### Assignment
Restate the records below word for word, leaving nothing out.

### Data for this exercise
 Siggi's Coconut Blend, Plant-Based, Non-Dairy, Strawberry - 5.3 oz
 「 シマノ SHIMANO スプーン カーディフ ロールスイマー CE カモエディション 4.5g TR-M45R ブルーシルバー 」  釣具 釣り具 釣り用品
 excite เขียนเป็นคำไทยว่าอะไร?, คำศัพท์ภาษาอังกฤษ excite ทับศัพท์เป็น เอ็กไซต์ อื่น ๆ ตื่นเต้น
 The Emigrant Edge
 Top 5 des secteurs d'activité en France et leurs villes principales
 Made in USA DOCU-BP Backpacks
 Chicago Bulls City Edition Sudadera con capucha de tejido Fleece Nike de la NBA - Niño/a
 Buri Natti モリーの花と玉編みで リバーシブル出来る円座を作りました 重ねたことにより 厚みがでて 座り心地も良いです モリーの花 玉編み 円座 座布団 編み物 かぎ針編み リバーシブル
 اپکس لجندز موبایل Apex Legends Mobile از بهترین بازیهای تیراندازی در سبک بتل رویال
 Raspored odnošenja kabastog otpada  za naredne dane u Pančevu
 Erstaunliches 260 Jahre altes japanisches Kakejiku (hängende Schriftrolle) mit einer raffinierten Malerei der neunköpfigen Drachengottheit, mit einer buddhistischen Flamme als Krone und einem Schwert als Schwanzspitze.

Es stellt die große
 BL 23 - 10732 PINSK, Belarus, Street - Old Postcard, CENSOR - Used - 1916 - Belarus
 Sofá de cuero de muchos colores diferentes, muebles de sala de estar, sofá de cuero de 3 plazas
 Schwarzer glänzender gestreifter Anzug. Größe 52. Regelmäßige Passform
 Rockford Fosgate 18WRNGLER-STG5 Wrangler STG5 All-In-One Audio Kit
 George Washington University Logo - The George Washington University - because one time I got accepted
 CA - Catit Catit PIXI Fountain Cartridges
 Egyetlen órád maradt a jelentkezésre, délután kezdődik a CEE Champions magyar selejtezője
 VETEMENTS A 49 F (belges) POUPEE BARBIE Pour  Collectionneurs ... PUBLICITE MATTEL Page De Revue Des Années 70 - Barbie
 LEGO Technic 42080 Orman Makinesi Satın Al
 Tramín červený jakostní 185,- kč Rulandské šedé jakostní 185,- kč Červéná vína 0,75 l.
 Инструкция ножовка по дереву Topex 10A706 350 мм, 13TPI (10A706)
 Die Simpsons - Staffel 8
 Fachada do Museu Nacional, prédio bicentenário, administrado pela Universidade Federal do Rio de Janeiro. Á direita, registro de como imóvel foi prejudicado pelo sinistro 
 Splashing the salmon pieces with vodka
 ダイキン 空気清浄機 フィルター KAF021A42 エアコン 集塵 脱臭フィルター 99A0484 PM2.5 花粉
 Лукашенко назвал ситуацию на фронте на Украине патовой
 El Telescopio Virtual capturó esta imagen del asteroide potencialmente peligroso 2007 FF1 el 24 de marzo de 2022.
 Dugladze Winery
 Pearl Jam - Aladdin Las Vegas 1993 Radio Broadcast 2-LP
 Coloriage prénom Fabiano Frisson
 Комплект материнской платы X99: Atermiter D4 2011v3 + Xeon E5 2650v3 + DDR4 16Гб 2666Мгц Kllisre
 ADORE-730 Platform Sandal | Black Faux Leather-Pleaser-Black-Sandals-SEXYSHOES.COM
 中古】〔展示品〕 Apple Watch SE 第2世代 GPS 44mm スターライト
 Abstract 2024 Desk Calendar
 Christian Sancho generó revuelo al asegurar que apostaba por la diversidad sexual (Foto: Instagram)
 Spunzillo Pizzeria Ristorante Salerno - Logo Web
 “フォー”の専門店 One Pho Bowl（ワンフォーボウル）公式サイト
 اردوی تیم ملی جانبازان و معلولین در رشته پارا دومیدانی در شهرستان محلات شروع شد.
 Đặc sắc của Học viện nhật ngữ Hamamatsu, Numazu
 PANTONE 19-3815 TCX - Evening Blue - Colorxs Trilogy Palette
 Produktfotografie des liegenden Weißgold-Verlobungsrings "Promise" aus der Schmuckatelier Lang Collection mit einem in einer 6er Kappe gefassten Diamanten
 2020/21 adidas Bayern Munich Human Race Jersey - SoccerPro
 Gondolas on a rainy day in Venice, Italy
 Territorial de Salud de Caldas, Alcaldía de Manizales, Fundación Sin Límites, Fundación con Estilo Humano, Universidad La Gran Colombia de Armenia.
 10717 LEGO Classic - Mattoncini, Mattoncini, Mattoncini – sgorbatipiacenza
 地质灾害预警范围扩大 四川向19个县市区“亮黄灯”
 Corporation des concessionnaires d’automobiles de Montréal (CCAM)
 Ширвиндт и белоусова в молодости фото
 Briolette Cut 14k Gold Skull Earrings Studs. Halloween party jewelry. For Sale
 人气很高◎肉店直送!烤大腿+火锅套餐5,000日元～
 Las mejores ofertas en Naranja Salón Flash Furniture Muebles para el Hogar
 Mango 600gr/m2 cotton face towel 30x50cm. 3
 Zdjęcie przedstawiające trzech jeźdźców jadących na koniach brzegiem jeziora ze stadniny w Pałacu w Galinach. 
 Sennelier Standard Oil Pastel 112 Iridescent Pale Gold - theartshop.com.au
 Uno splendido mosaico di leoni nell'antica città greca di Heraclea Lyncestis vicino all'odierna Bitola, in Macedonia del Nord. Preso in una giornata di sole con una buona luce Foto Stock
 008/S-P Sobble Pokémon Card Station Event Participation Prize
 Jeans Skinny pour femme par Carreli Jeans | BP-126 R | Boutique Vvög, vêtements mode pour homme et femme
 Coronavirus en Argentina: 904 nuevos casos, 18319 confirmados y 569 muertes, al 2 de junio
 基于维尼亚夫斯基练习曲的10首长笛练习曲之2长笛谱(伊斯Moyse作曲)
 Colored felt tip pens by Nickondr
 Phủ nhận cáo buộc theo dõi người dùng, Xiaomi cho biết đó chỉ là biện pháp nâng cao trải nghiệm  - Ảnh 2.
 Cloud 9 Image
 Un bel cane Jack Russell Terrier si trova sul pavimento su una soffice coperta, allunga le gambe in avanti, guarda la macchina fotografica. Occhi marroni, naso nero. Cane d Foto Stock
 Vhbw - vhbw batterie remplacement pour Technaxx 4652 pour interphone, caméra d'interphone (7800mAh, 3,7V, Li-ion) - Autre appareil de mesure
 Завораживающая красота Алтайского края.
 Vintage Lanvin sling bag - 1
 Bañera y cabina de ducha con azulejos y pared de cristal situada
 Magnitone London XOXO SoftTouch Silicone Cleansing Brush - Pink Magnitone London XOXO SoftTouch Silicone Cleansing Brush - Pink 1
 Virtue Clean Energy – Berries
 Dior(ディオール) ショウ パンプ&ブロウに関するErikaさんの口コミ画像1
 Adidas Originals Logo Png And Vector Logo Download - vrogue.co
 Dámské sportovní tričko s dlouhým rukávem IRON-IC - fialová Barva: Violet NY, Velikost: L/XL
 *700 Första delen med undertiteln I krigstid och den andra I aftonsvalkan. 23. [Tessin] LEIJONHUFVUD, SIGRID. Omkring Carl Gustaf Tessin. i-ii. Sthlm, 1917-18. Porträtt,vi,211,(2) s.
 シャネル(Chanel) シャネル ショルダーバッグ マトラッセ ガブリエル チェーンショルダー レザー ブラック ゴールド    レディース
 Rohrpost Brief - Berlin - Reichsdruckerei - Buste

### Worked solution
 Siggi's Coconut Blend, Plant-Based, Non-Dairy, Strawberry - 5.3 oz
 「 シマノ SHIMANO スプーン カーディフ ロールスイマー CE カモエディション 4.5g TR-M45R ブルーシルバー 」  釣具 釣り具 釣り用品
 excite เขียนเป็นคำไทยว่าอะไร?, คำศัพท์ภาษาอังกฤษ excite ทับศัพท์เป็น เอ็กไซต์ อื่น ๆ ตื่นเต้น
 The Emigrant Edge
 Top 5 des secteurs d'activité en France et leurs villes principales
 Made in USA DOCU-BP Backpacks
 Chicago Bulls City Edition Sudadera con capucha de tejido Fleece Nike de la NBA - Niño/a
 Buri Natti モリーの花と玉編みで リバーシブル出来る円座を作りました 重ねたことにより 厚みがでて 座り心地も良いです モリーの花 玉編み 円座 座布団 編み物 かぎ針編み リバーシブル
 اپکس لجندز موبایل Apex Legends Mobile از بهترین بازیهای تیراندازی در سبک بتل رویال
 Raspored odnošenja kabastog otpada  za naredne dane u Pančevu
 Erstaunliches 260 Jahre altes japanisches Kakejiku (hängende Schriftrolle) mit einer raffinierten Malerei der neunköpfigen Drachengottheit, mit einer buddhistischen Flamme als Krone und einem Schwert als Schwanzspitze.

Es stellt die große
 BL 23 - 10732 PINSK, Belarus, Street - Old Postcard, CENSOR - Used - 1916 - Belarus
 Sofá de cuero de muchos colores diferentes, muebles de sala de estar, sofá de cuero de 3 plazas
 Schwarzer glänzender gestreifter Anzug. Größe 52. Regelmäßige Passform
 Rockford Fosgate 18WRNGLER-STG5 Wrangler STG5 All-In-One Audio Kit
 George Washington University Logo - The George Washington University - because one time I got accepted
 CA - Catit Catit PIXI Fountain Cartridges
 Egyetlen órád maradt a jelentkezésre, délután kezdődik a CEE Champions magyar selejtezője
 VETEMENTS A 49 F (belges) POUPEE BARBIE Pour  Collectionneurs ... PUBLICITE MATTEL Page De Revue Des Années 70 - Barbie
 LEGO Technic 42080 Orman Makinesi Satın Al
 Tramín červený jakostní 185,- kč Rulandské šedé jakostní 185,- kč Červéná vína 0,75 l.
 Инструкция ножовка по дереву Topex 10A706 350 мм, 13TPI (10A706)
 Die Simpsons - Staffel 8
 Fachada do Museu Nacional, prédio bicentenário, administrado pela Universidade Federal do Rio de Janeiro. Á direita, registro de como imóvel foi prejudicado pelo sinistro 
 Splashing the salmon pieces with vodka
 ダイキン 空気清浄機 フィルター KAF021A42 エアコン 集塵 脱臭フィルター 99A0484 PM2.5 花粉
 Лукашенко назвал ситуацию на фронте на Украине патовой
 El Telescopio Virtual capturó esta imagen del asteroide potencialmente peligroso 2007 FF1 el 24 de marzo de 2022.
 Dugladze Winery
 Pearl Jam - Aladdin Las Vegas 1993 Radio Broadcast 2-LP
 Coloriage prénom Fabiano Frisson
 Комплект материнской платы X99: Atermiter D4 2011v3 + Xeon E5 2650v3 + DDR4 16Гб 2666Мгц Kllisre
 ADORE-730 Platform Sandal | Black Faux Leather-Pleaser-Black-Sandals-SEXYSHOES.COM
 中古】〔展示品〕 Apple Watch SE 第2世代 GPS 44mm スターライト
 Abstract 2024 Desk Calendar
 Christian Sancho generó revuelo al asegurar que apostaba por la diversidad sexual (Foto: Instagram)
 Spunzillo Pizzeria Ristorante Salerno - Logo Web
 “フォー”の専門店 One Pho Bowl（ワンフォーボウル）公式サイト
 اردوی تیم ملی جانبازان و معلولین در رشته پارا دومیدانی در شهرستان محلات شروع شد.
 Đặc sắc của Học viện nhật ngữ Hamamatsu, Numazu
 PANTONE 19-3815 TCX - Evening Blue - Colorxs Trilogy Palette
 Produktfotografie des liegenden Weißgold-Verlobungsrings "Promise" aus der Schmuckatelier Lang Collection mit einem in einer 6er Kappe gefassten Diamanten
 2020/21 adidas Bayern Munich Human Race Jersey - SoccerPro
 Gondolas on a rainy day in Venice, Italy
 Territorial de Salud de Caldas, Alcaldía de Manizales, Fundación Sin Límites, Fundación con Estilo Humano, Universidad La Gran Colombia de Armenia.
 10717 LEGO Classic - Mattoncini, Mattoncini, Mattoncini – sgorbatipiacenza
 地质灾害预警范围扩大 四川向19个县市区“亮黄灯”
 Corporation des concessionnaires d’automobiles de Montréal (CCAM)
 Ширвиндт и белоусова в молодости фото
 Briolette Cut 14k Gold Skull Earrings Studs. Halloween party jewelry. For Sale
 人气很高◎肉店直送!烤大腿+火锅套餐5,000日元～
 Las mejores ofertas en Naranja Salón Flash Furniture Muebles para el Hogar
 Mango 600gr/m2 cotton face towel 30x50cm. 3
 Zdjęcie przedstawiające trzech jeźdźców jadących na koniach brzegiem jeziora ze stadniny w Pałacu w Galinach. 
 Sennelier Standard Oil Pastel 112 Iridescent Pale Gold - theartshop.com.au
 Uno splendido mosaico di leoni nell'antica città greca di Heraclea Lyncestis vicino all'odierna Bitola, in Macedonia del Nord. Preso in una giornata di sole con una buona luce Foto Stock
 008/S-P Sobble Pokémon Card Station Event Participation Prize
 Jeans Skinny pour femme par Carreli Jeans | BP-126 R | Boutique Vvög, vêtements mode pour homme et femme
 Coronavirus en Argentina: 904 nuevos casos, 18319 confirmados y 569 muertes, al 2 de junio
 基于维尼亚夫斯基练习曲的10首长笛练习曲之2长笛谱(伊斯Moyse作曲)
 Colored felt tip pens by Nickondr
 Phủ nhận cáo buộc theo dõi người dùng, Xiaomi cho biết đó chỉ là biện pháp nâng cao trải nghiệm  - Ảnh 2.
 Cloud 9 Image
 Un bel cane Jack Russell Terrier si trova sul pavimento su una soffice coperta, allunga le gambe in avanti, guarda la macchina fotografica. Occhi marroni, naso nero. Cane d Foto Stock
 Vhbw - vhbw batterie remplacement pour Technaxx 4652 pour interphone, caméra d'interphone (7800mAh, 3,7V, Li-ion) - Autre appareil de mesure
 Завораживающая красота Алтайского края.
 Vintage Lanvin sling bag - 1
 Bañera y cabina de ducha con azulejos y pared de cristal situada
 Magnitone London XOXO SoftTouch Silicone Cleansing Brush - Pink Magnitone London XOXO SoftTouch Silicone Cleansing Brush - Pink 1
 Virtue Clean Energy – Berries
 Dior(ディオール) ショウ パンプ&ブロウに関するErikaさんの口コミ画像1
 Adidas Originals Logo Png And Vector Logo Download - vrogue.co
 Dámské sportovní tričko s dlouhým rukávem IRON-IC - fialová Barva: Violet NY, Velikost: L/XL
 *700 Första delen med undertiteln I krigstid och den andra I aftonsvalkan. 23. [Tessin] LEIJONHUFVUD, SIGRID. Omkring Carl Gustaf Tessin. i-ii. Sthlm, 1917-18. Porträtt,vi,211,(2) s.
 シャネル(Chanel) シャネル ショルダーバッグ マトラッセ ガブリエル チェーンショルダー レザー ブラック ゴールド    レディース
 Rohrpost Brief - Berlin - Reichsdruckerei - Buste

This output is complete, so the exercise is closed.